We are seeing this error as well at my workplace. Both sides are using 2.6.5. We are invoking rsync with the following command line. /usr/bin/rsync -e ssh --rsync-path=/usr/bin/rsync -av --recursive --timeout=0 user@host:/path/to/data /path/to/save The error is occuring on hosts where the server side is under high load from the application that is running on that host. We are not running an rsync daemon on the server side. The latest error is: Read from remote host hostname: Connection reset by peer rsync: connection unexpectedly closed (51838271 bytes received so far) [receiver] rsync error: error in rsync protocol data stream (code 12) at io.c(434) rsync: connection unexpectedly closed (34295 bytes received so far) [generator] rsync error: error in rsync protocol data stream (code 12) at io.c(434)

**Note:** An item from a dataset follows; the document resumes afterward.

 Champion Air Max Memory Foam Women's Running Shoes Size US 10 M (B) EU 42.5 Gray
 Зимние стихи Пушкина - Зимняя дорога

> Would it be wise to include sane defaults for both client and server/daemon Rsync has always had sane defaults for both client and server/daemon: no timeouts are enabled by default, which means that the connection will continue as long as both sides are present. If you set a timeout in the rsyncd.conf file, I'd recommend that you set it to be quite long -- maybe something like an hour -- just so that it cleans up malicious/buggy connections, but does not interfere with slow transfers.

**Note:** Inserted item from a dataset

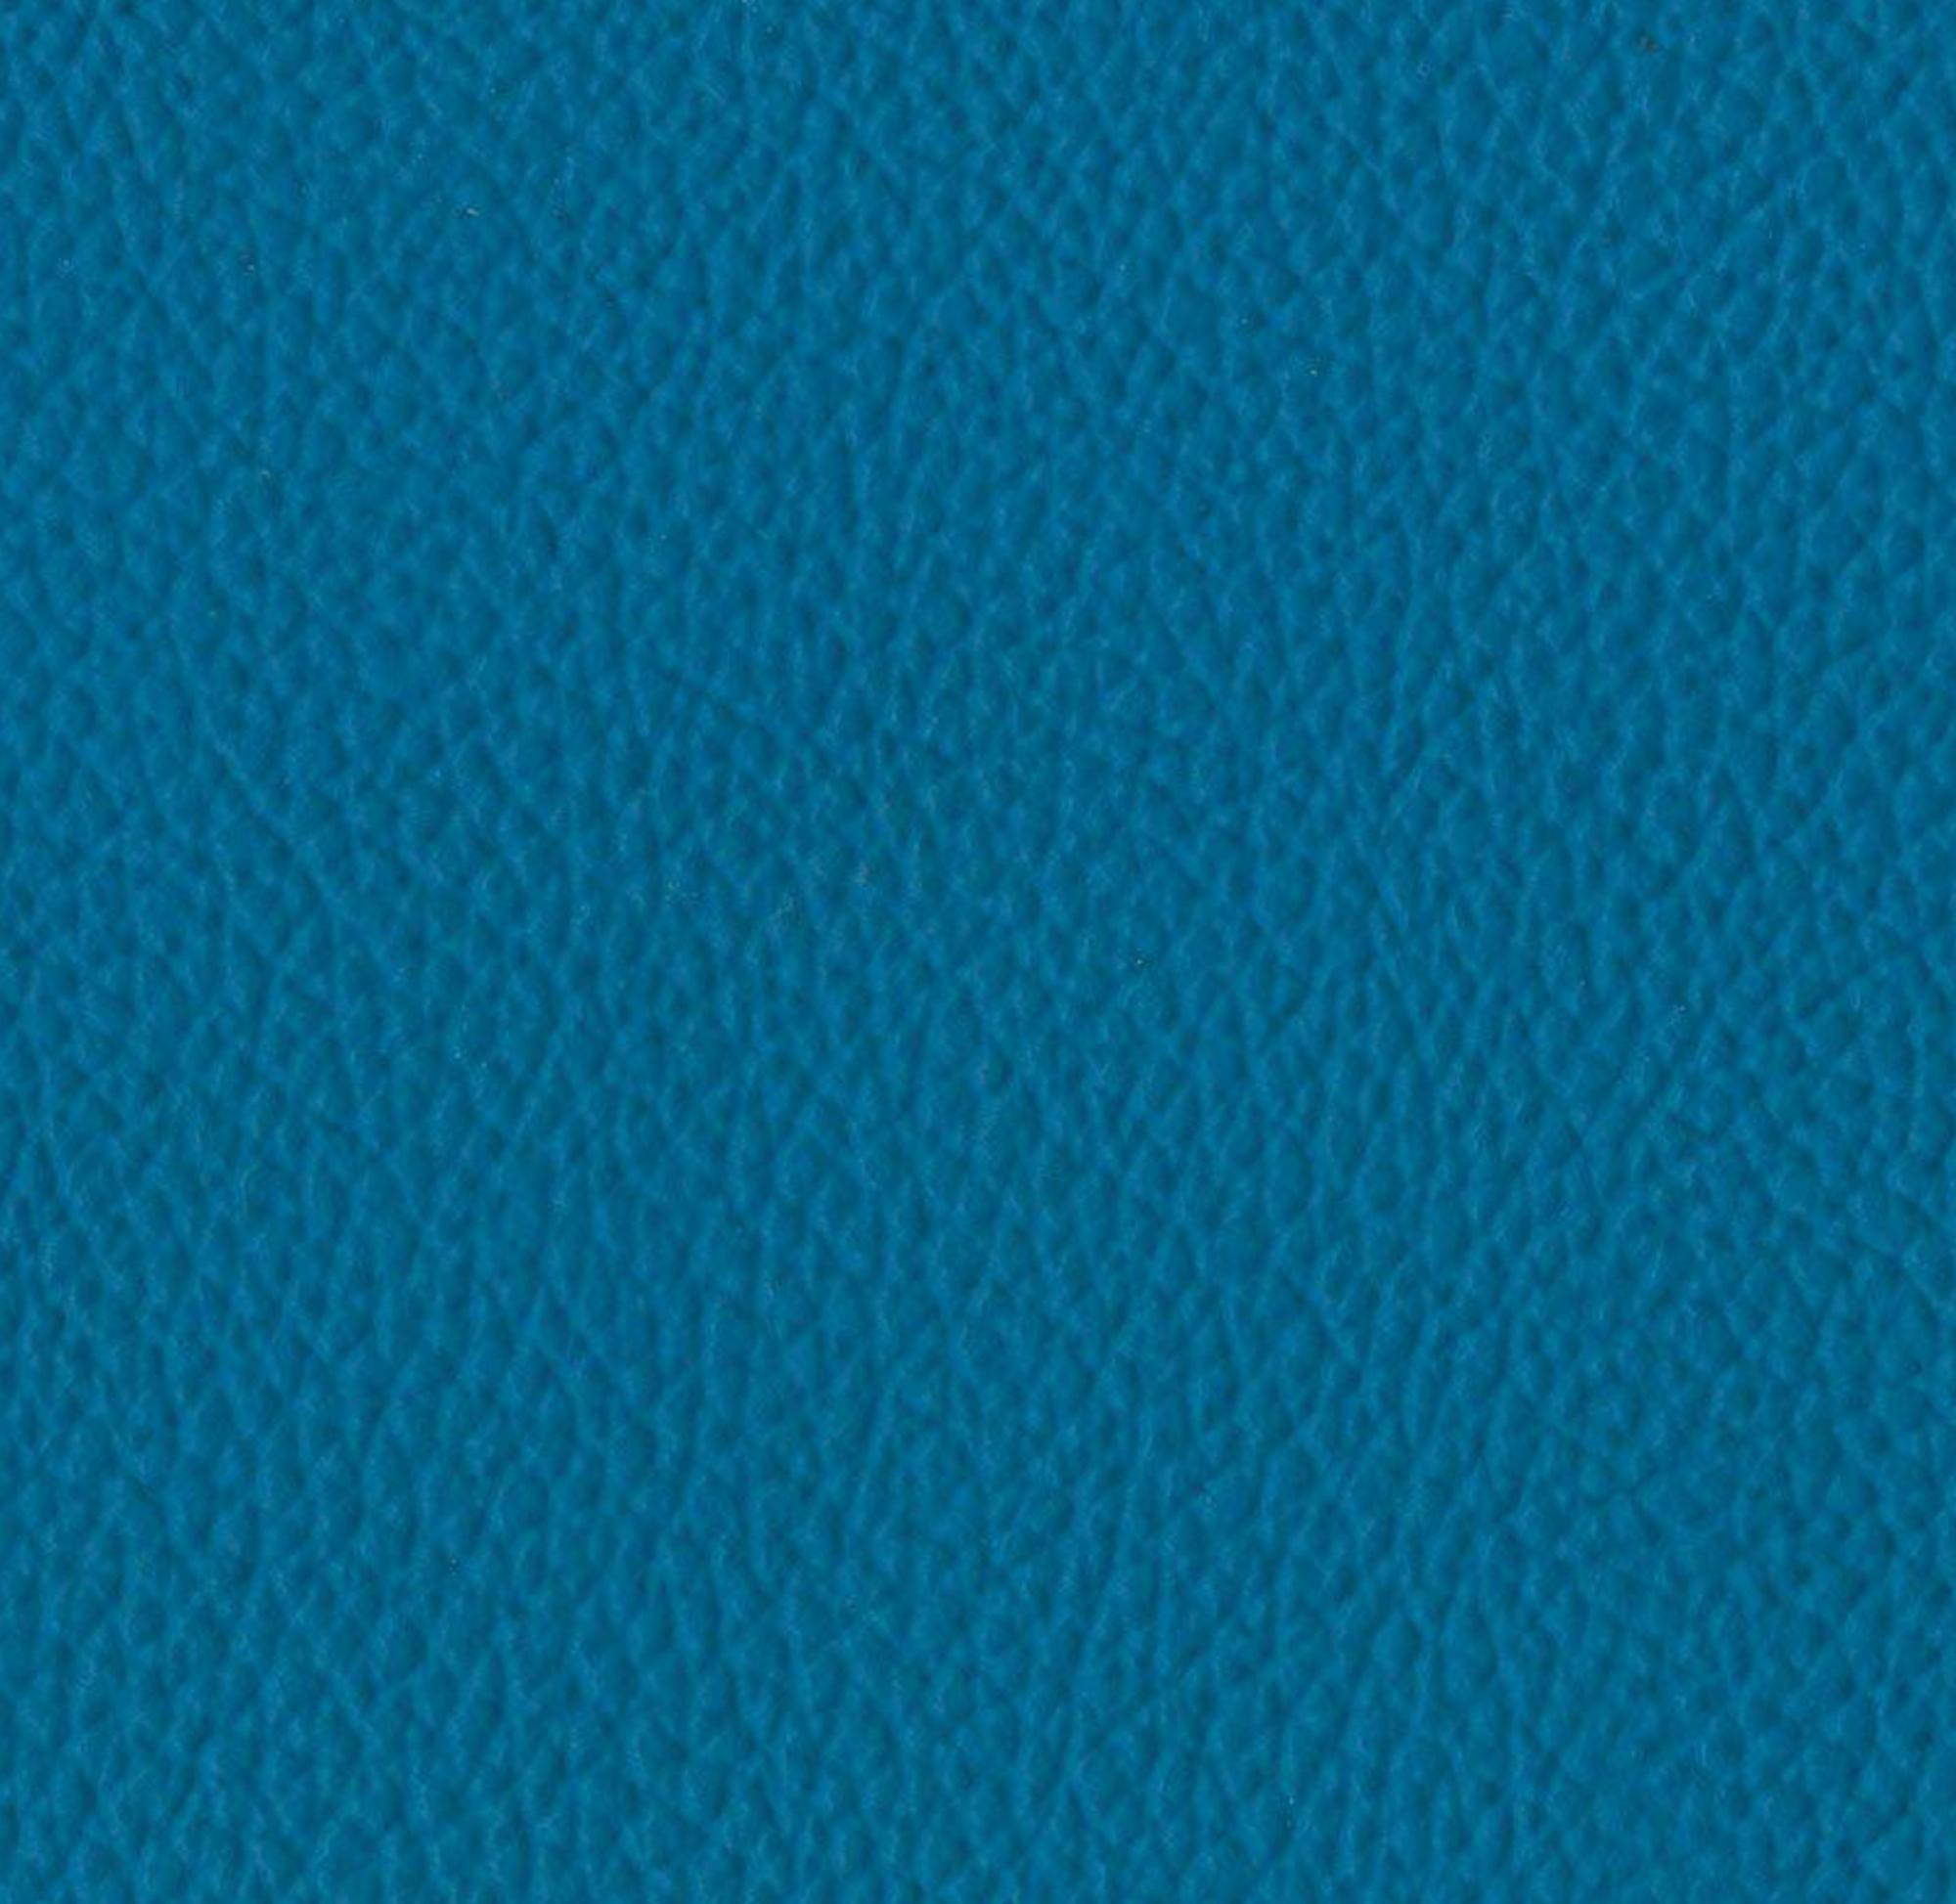 Cyan Blue

> The latest error is: > Read from remote host hostname: Connection reset by peer All this tells you is that the connection closed. See the issues/debugging webpage for ways to diagnose what is happening to make the remote end of the connection go away (assuming that it is not a network issue).

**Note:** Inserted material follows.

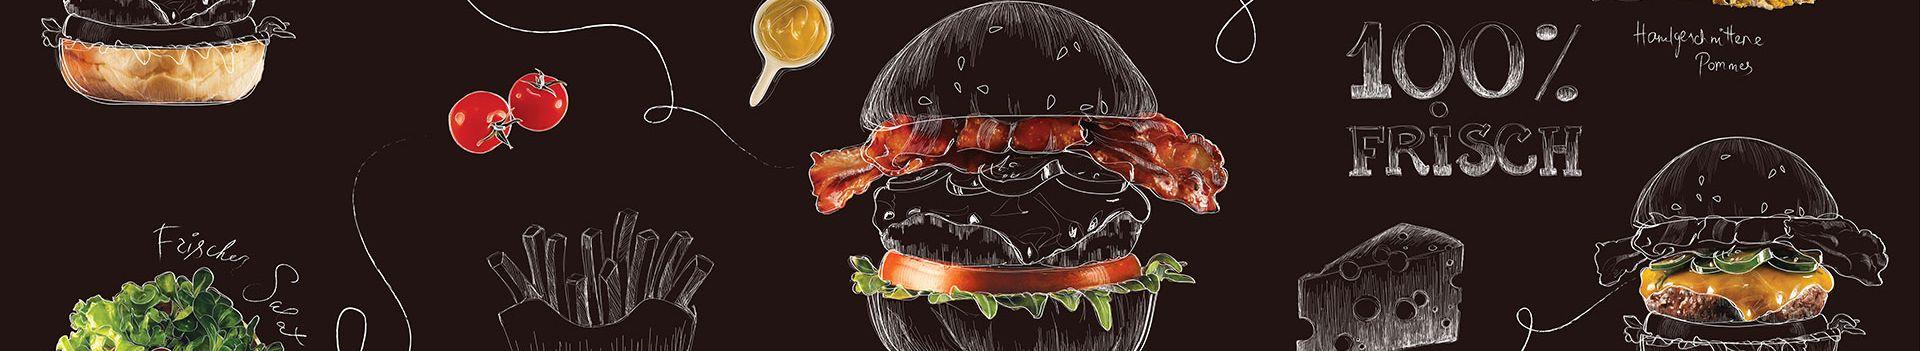 Burger Eck Lieferservice in Graz

These bugs seem to be related (having similar error messages: connection unexpectedly closed, broken pipe, timeout). bug7757 with big file, rsync times out out when it should not; the sender is still responsive bug2783 Random high loads during syncs (server side) / client stream errors rsync: connection unexpectedly closed (2761332 bytes received so far) [generator] rsync error: error in rsync protocol data stream (code 12) at io.c(365) bug5478 rsync: writefd_unbuffered failed to write 4092 bytes [sender]: Broken pipe (32) rsync: writefd_unbuffered failed to write 4092 bytes [sender]: Broken pipe (32) io timeout after 30 seconds -- exiting rsync error: timeout in data send/receive (code 30) at io.c(239) [sender=3.0.2] bug5695 improve keep-alive code to handle long-running directory scans ./io.c:void maybe_send_keepalive(void) bug6175 write last transfer status when timeout or other error happens rsync: writefd_unbuffered failed to write 4 bytes [sender]: Broken pipe (32) rsync: connection unexpectedly closed (99113 bytes received so far) [sender] rsync error: unexplained error (code 255) at io.c(600) [sender=3.0.5] bug7195 timeout reached while sending checksums for very large files
I ran into a similar issue recently while transferring large files (>40GB). After a few tests, it seems - in my case at least - to be related to the delta-xfer algorithm. The bug does not happen anymore with the -W option. I don't know if this will resolve your issue, but you can also try looking into these options : --no-checksum --no-compress --blocking-io. These were not the source of my problems, but the functions they're related to might rise a network timeout. I hope it helps, anyways, good luck solving your issue.